S1 Nuclease

 

S1 Nuclease is a non-specific endonuclease, active primarily on single-stranded DNA and RNA.

 

 

Source: Aspergillus oryzae

 

Description: 

·         Catalyzes degradation of single-stranded nucleic acids into oligonucleotides and 5’-mononucleotides (1).

·         Cleaves both single-stranded DNA and RNA, with stronger DNAse acitivity.

·         Double-stranded DNA, double-stranded RNA and DNA-RNA hybrids are resistant to degradation at moderate enzyme concentration.

·         Capable of cleavage of double-stranded nucleic acids at nicks, mismatches and small gaps (2).

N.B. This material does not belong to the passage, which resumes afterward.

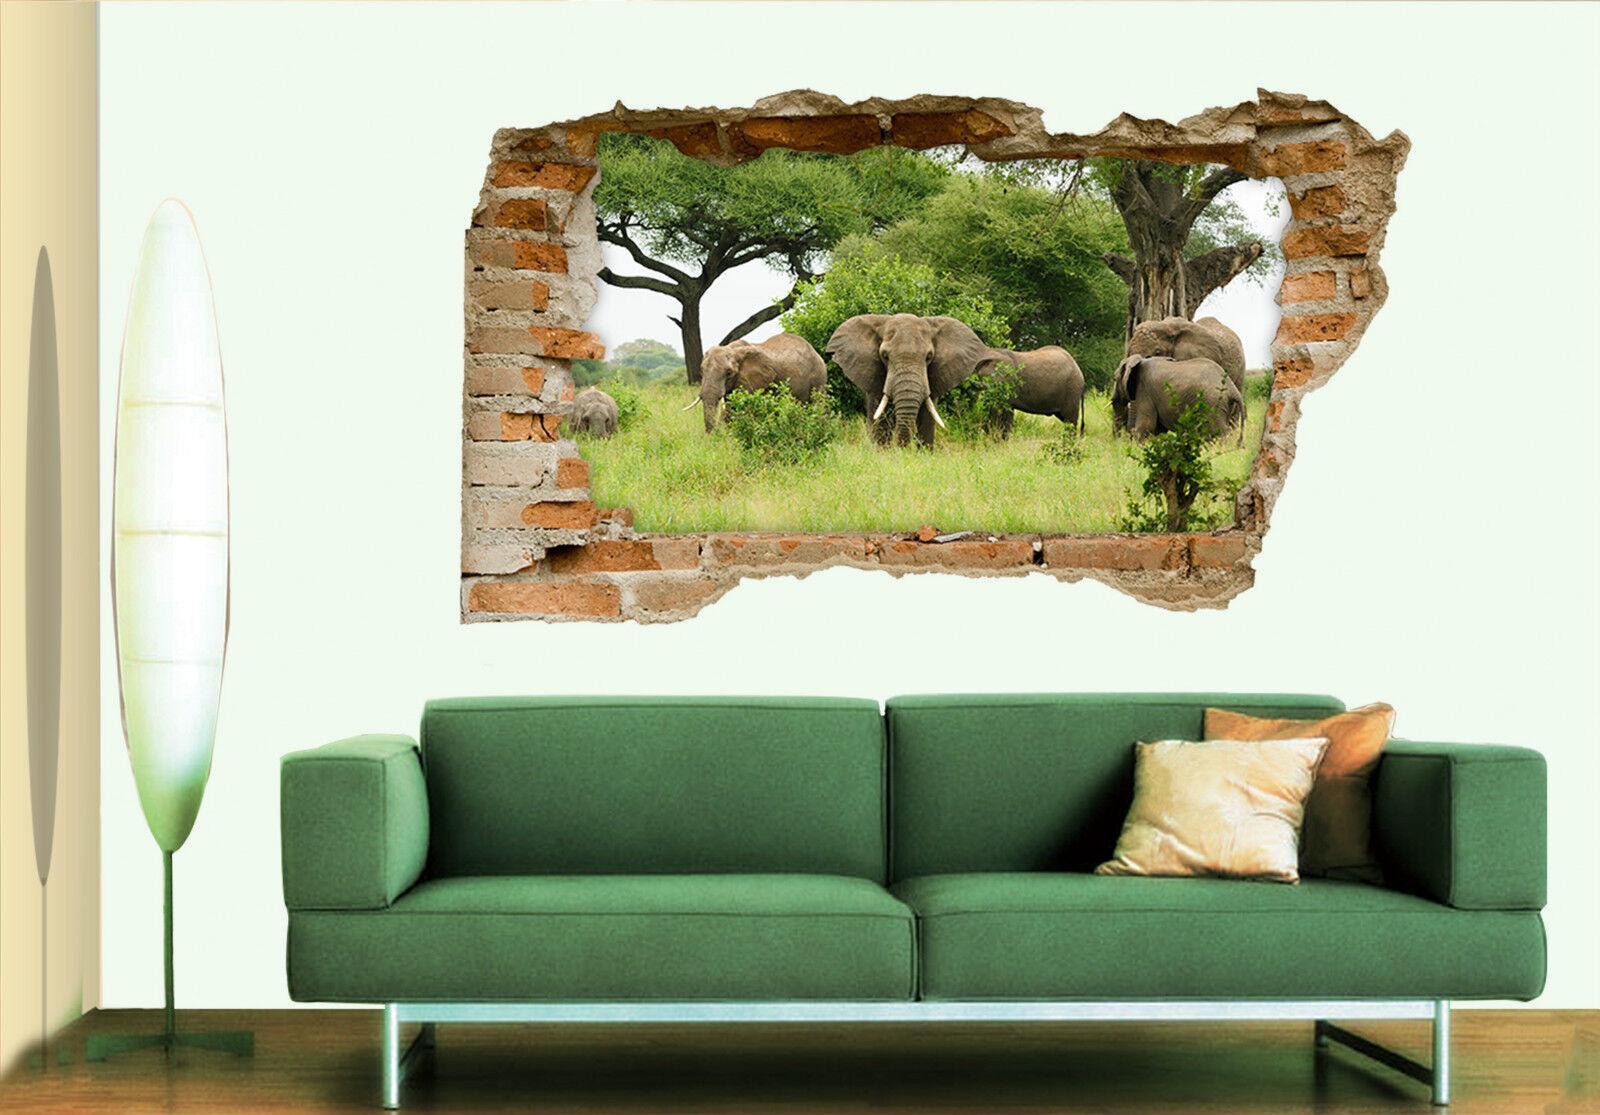 3D Elefanten 49 Mauer Murals Aufklebe Decal Durchbruch AJ WALLPAPER DE Lemon

·         Relaxes/linearizes supercoiled plasmids.

·         Removes protruding single-stranded ends.

·         Used for S1 mapping of nucleic acids.

·         Requires Zn²⁺ ions for activity.

·         The enzyme is active up to 65°C.

 

Storage Buffer: 20 mM Tris-HCl (pH 7.5 at 22°C), 50 mM NaCl, 0.1 mM ZnCl₂ and 50% (v/v) glycerol.

Assay Conditions: 30 mM sodium acetate (pH 4.6), 1 mM zinc acetate, 50 mM NaCl, 0.5 mg/ml of activated DNA, 5% glycerol. Incubation is at 37°C for 10 min in a reaction volume of 0.5 ml.

Quality Control: All preparations are assayed for contaminating exonuclease and double-stranded DNase activities.

References:

1.       Berg, A.J. et al. (1977) Cell 12, 721.

2.       Sambrook, J. et al. (1989) Molecular cloning: A laboratory Manual, second edition, pp. 5.78-5.79, Cold Spring Harbor, New York.